(Exercise objective) Everything in the listing below has to be repeated exactly, except the pictures.

(Data block)
------------------------------------------------

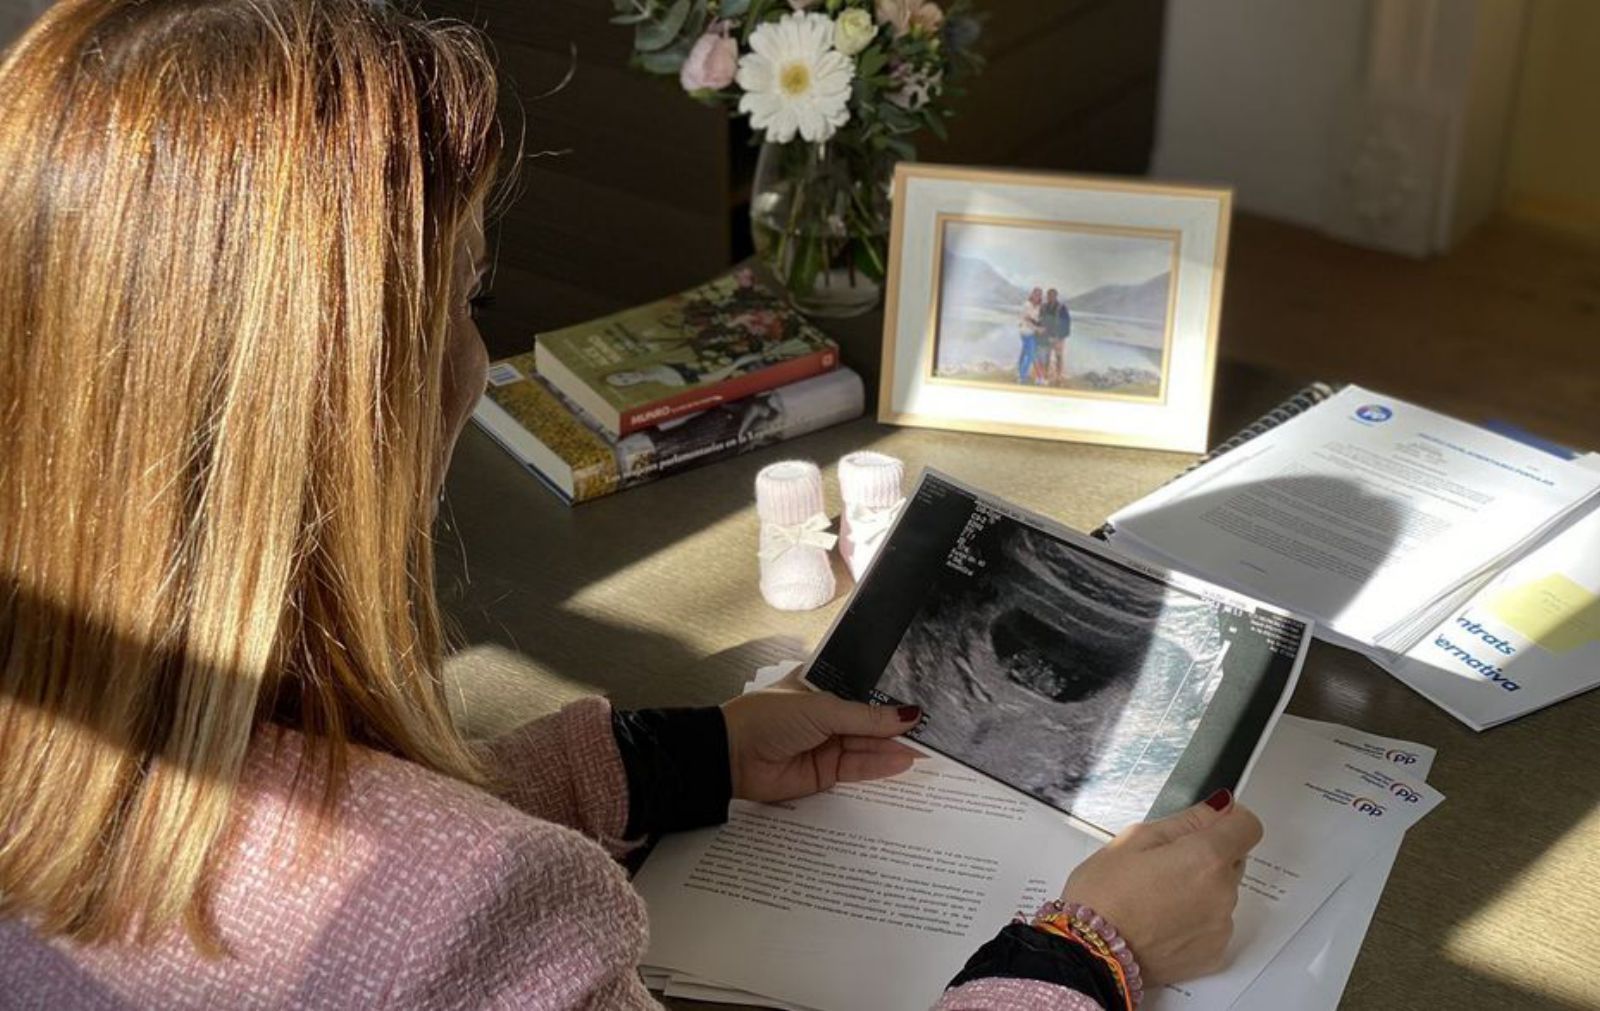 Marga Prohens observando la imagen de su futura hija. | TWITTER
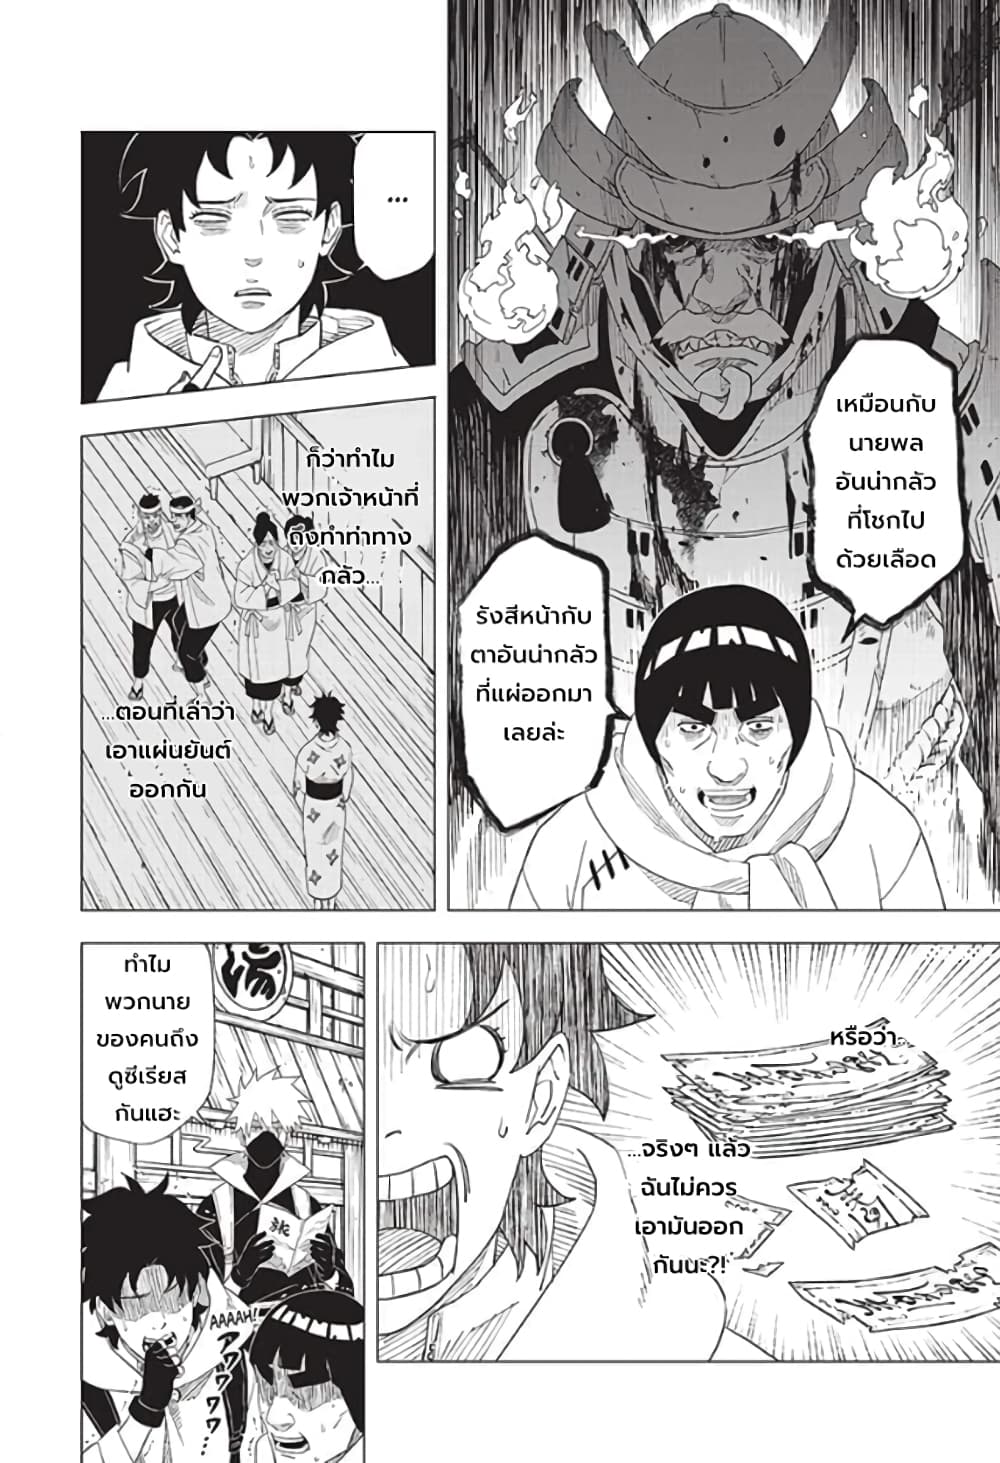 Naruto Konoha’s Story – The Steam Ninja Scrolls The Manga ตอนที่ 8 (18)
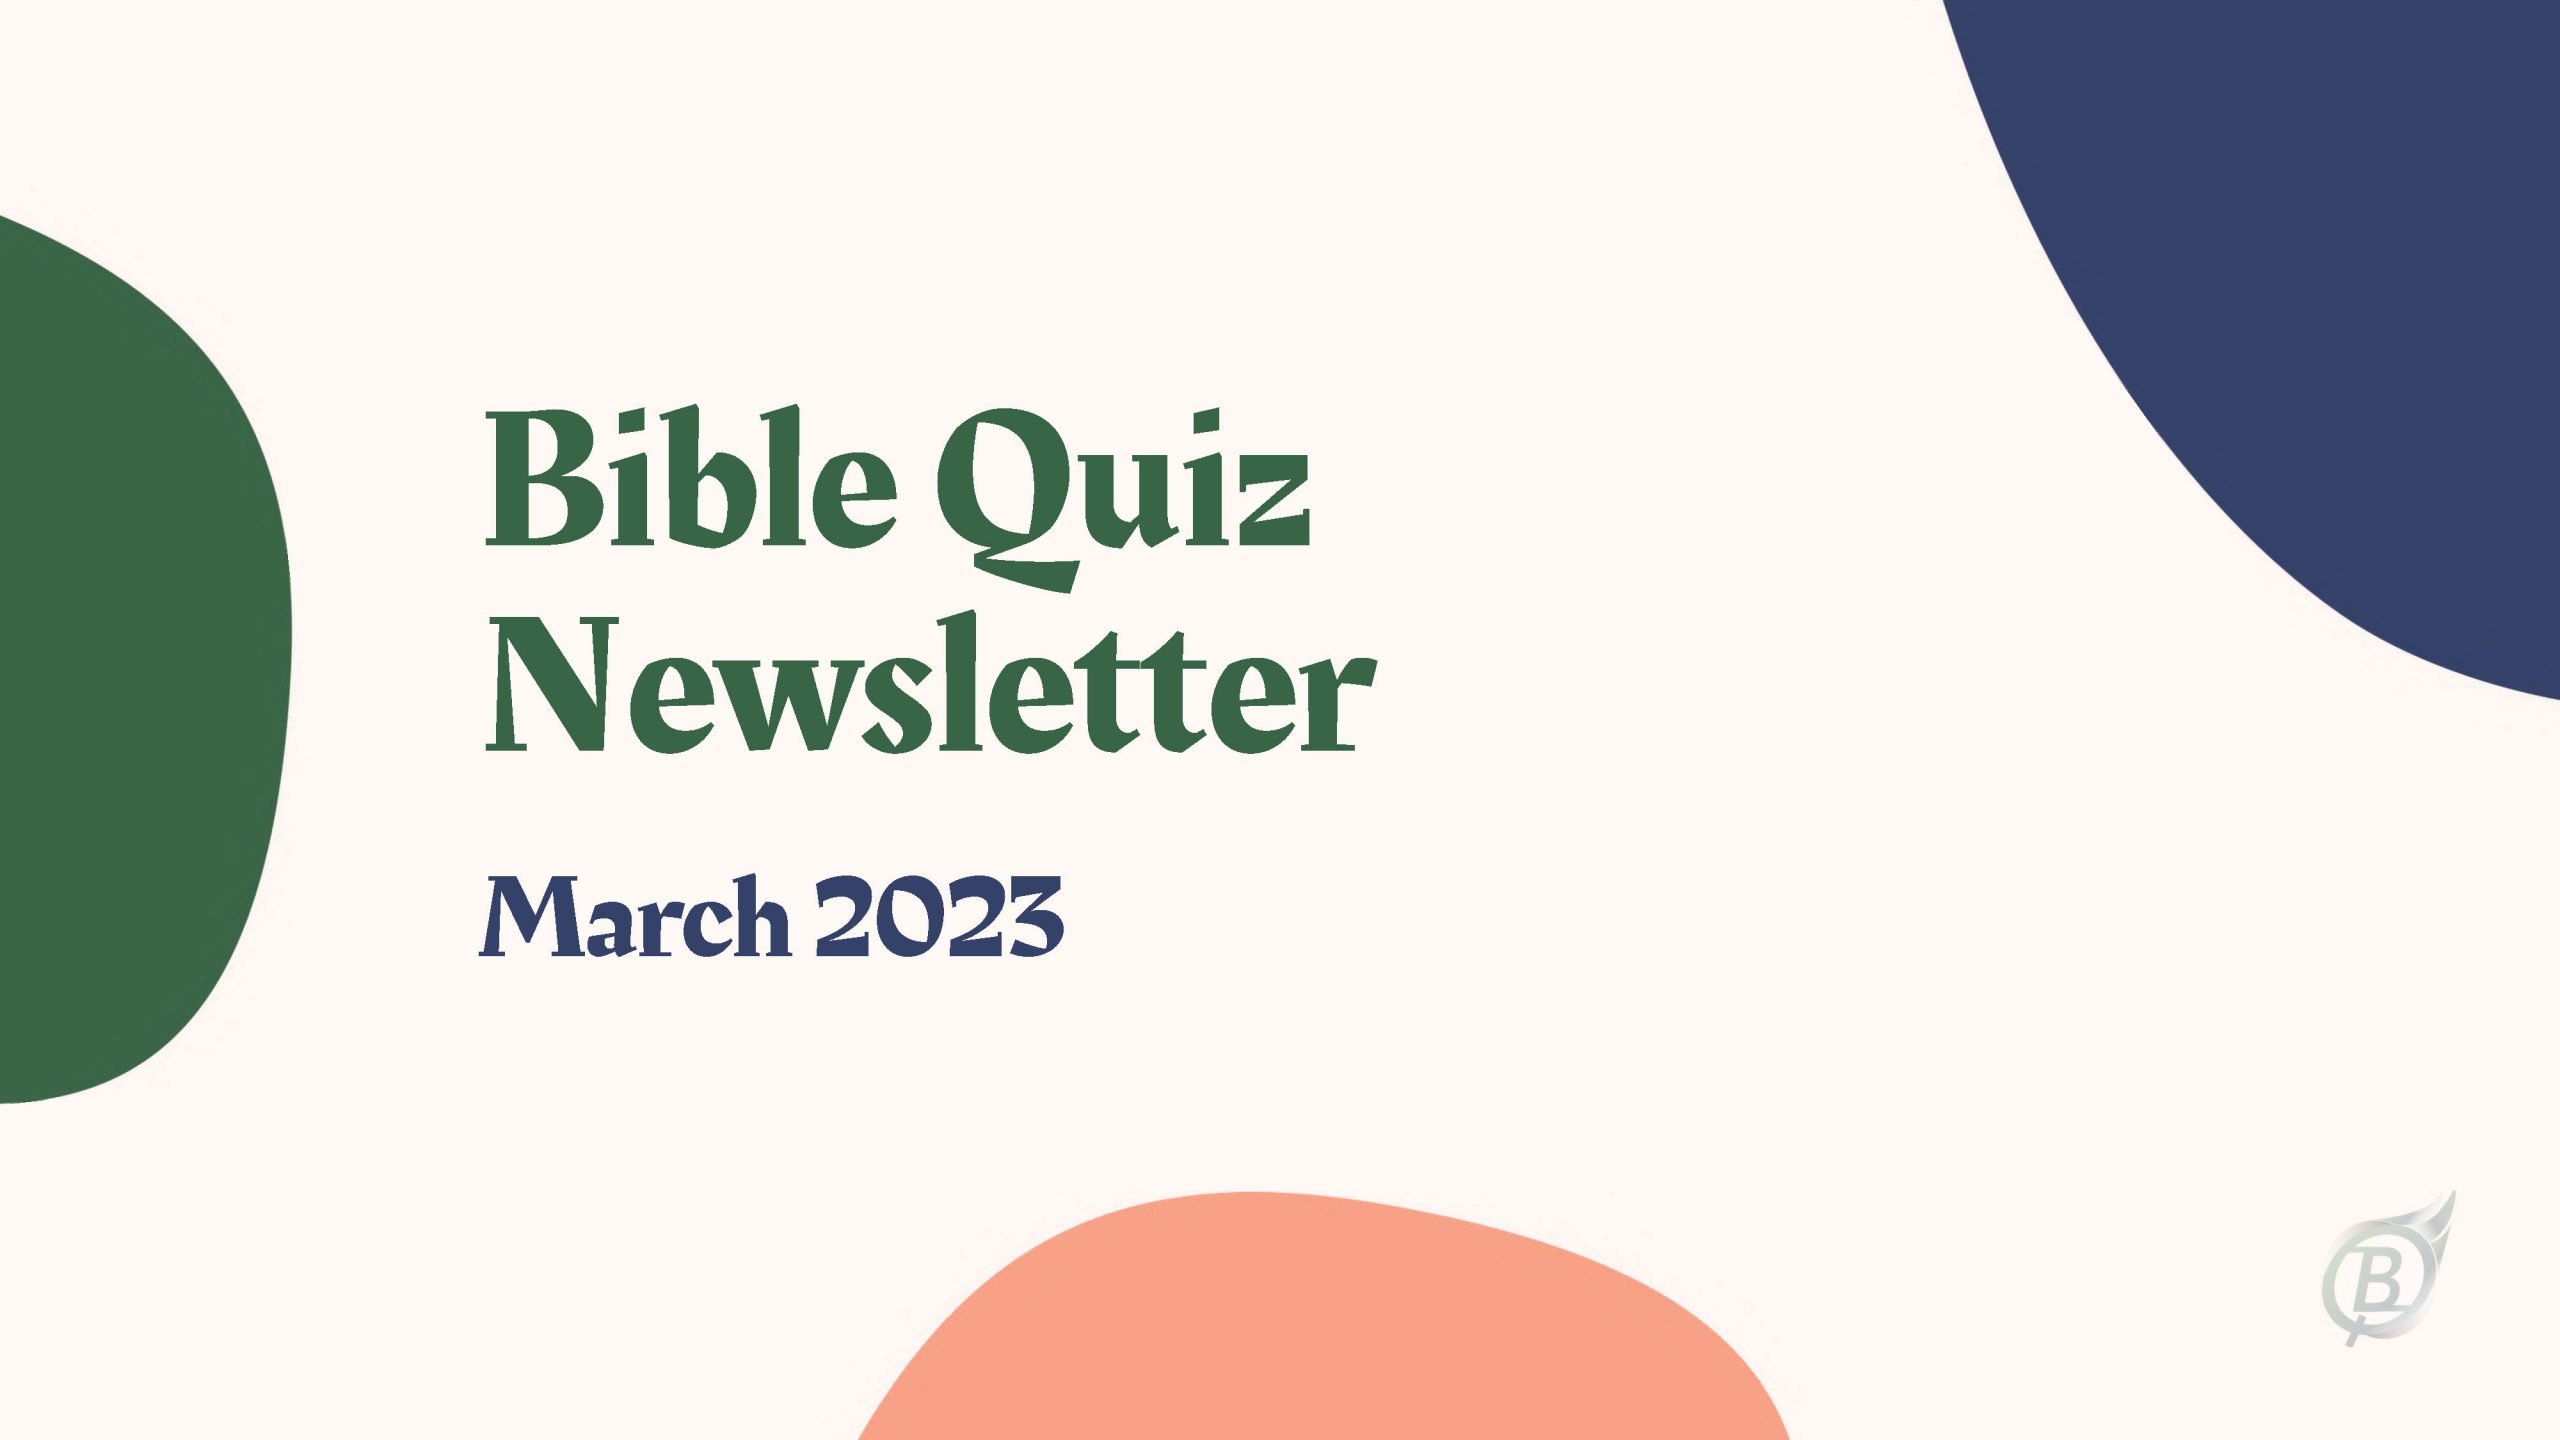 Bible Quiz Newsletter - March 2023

------------------------------------------------

(Solution to the exercise)
 Marga Prohens observando la imagen de su futura hija. | TWITTER
 Naruto Konoha’s Story – The Steam Ninja Scrolls The Manga ตอนที่ 8 (18)
 Bible Quiz Newsletter - March 2023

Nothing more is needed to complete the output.